Market Outlook: Since mid-2024, the commercial vehicle market has softened in Europe and North America. Most analysts expect improved sales from the second half of 2025 followed by strong sales in the US in 2026 and in Europe in 2028 in advance of new emissions legislation, providing prolonged upside for the commercial vehicle sector. These trends, together with the continued ramp of current series production programmes and the start of production of new programmes that have been announced - and others that have not yet been announced - provide the basis for the double digit growth outlook through the SinterCast five-year planning horizon.
Installation Outlook: With order intake of more than SEK 9 million during the July to October 2024 period, the outlook for new installation revenue is near an all-time high. Installation revenue finished at SEK 11.4 million in full-year 2024 (SEK 6.0 million in 2023), marking the third highest year on record. With the 10 February announcement of our first installation in India at the Saroj Group, and other ongoing discussions, the expectation is that installation revenue in 2025 will exceed 2024.
Financial Outlook: Benefitting from the maturity and efficiency of the organisation, SinterCast has proactively implemented headcount reductions. Further reductions will be realised with two upcoming retirements where the appointed successors are already in-house. With more than 70% of the costs allocated to personnel, the combined effects of these changes together with the growth in series production will drive the operating margin above 40%. The year-on-year tax comparables will also improve in 2025, as 2024 was the first full year since SinterCast came into a tax position in the fourth quarter of 2023. During 2024, the result for the period after tax decreased to SEK 34.3 million (SEK 42.1 million), primarily due to the accounted increase in income tax from SEK 0.4 million in 2023 to SEK 9.0 million in 2024.
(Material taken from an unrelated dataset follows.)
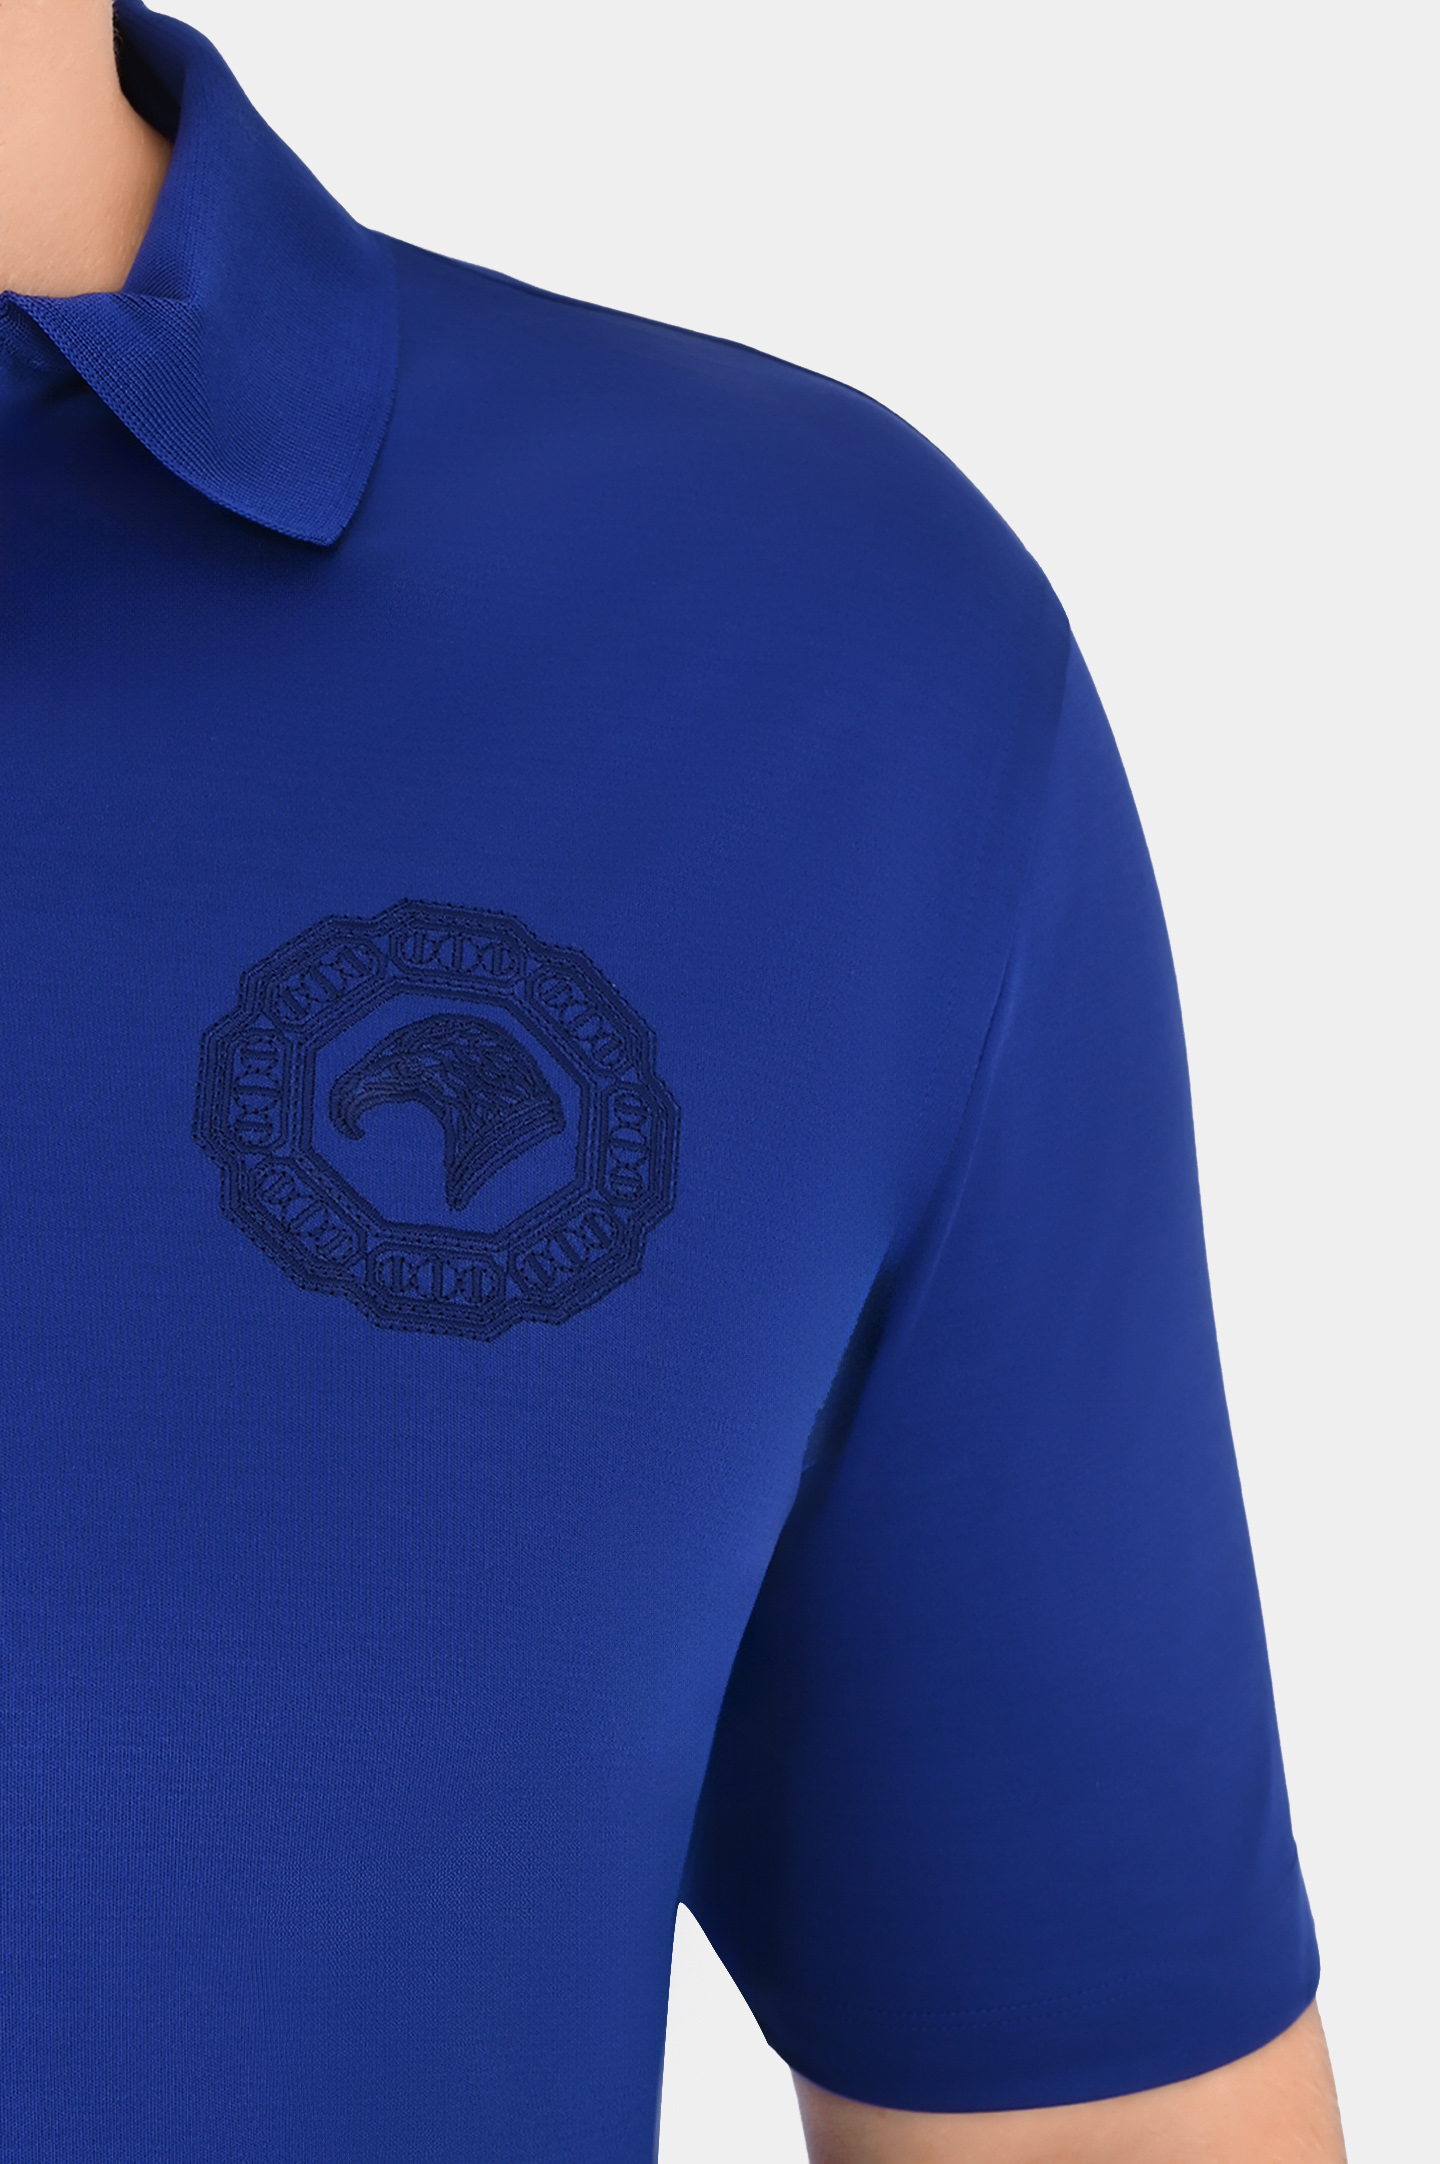 Хлопковое поло с логотипом на молнии STEFANO RICCI K111025P31 T24160, цвет: Синий, Мужской

Following a prolonged run with thirteen consecutive quarters of year-on-year series production growth spanning from the first quarter of 2021 until the second quarter of 2024, our series production baseline has been reset. However, the market indicators are positive and we are confident in meeting the five financial targets that were published in September 2023. Specifically:
- Series Production: the series production pipeline is robust and we expect double-digit series production CAGR through 2030. The five million Engine Equivalent milestone is targeted for 2026.
- Gross Margin: With 72.5% gross margin in 2024, SinterCast has posted 13 consecutive years with >70% gross margin. Even with the strong near-term installation outlook, we expect to post >70% gross margin again in 2025. Recurring revenue from series production consistently accounts for >90% of the total revenue. Together with the strong series production growth, the recurring revenue will drive continuous improvement of the gross margin.
- Operating Margin: with 31.9% in 2024 and a strong outlook for increased production with stable costs, we are confident to exceed 40% by 2028, making SinterCast one of the most profitable companies on NASDAQ Stockholm.
- CO2 Reduction: with more than 95% of our series production accounted for by commercial vehicles, pick-up trucks and off-road equipment, the improved fuel efficiency of SinterCast-CGI engines has contributed to the reduction of 69 million tonnes of CO2, putting us ahead of schedule to reach our target of 100 million tonnes in 2028.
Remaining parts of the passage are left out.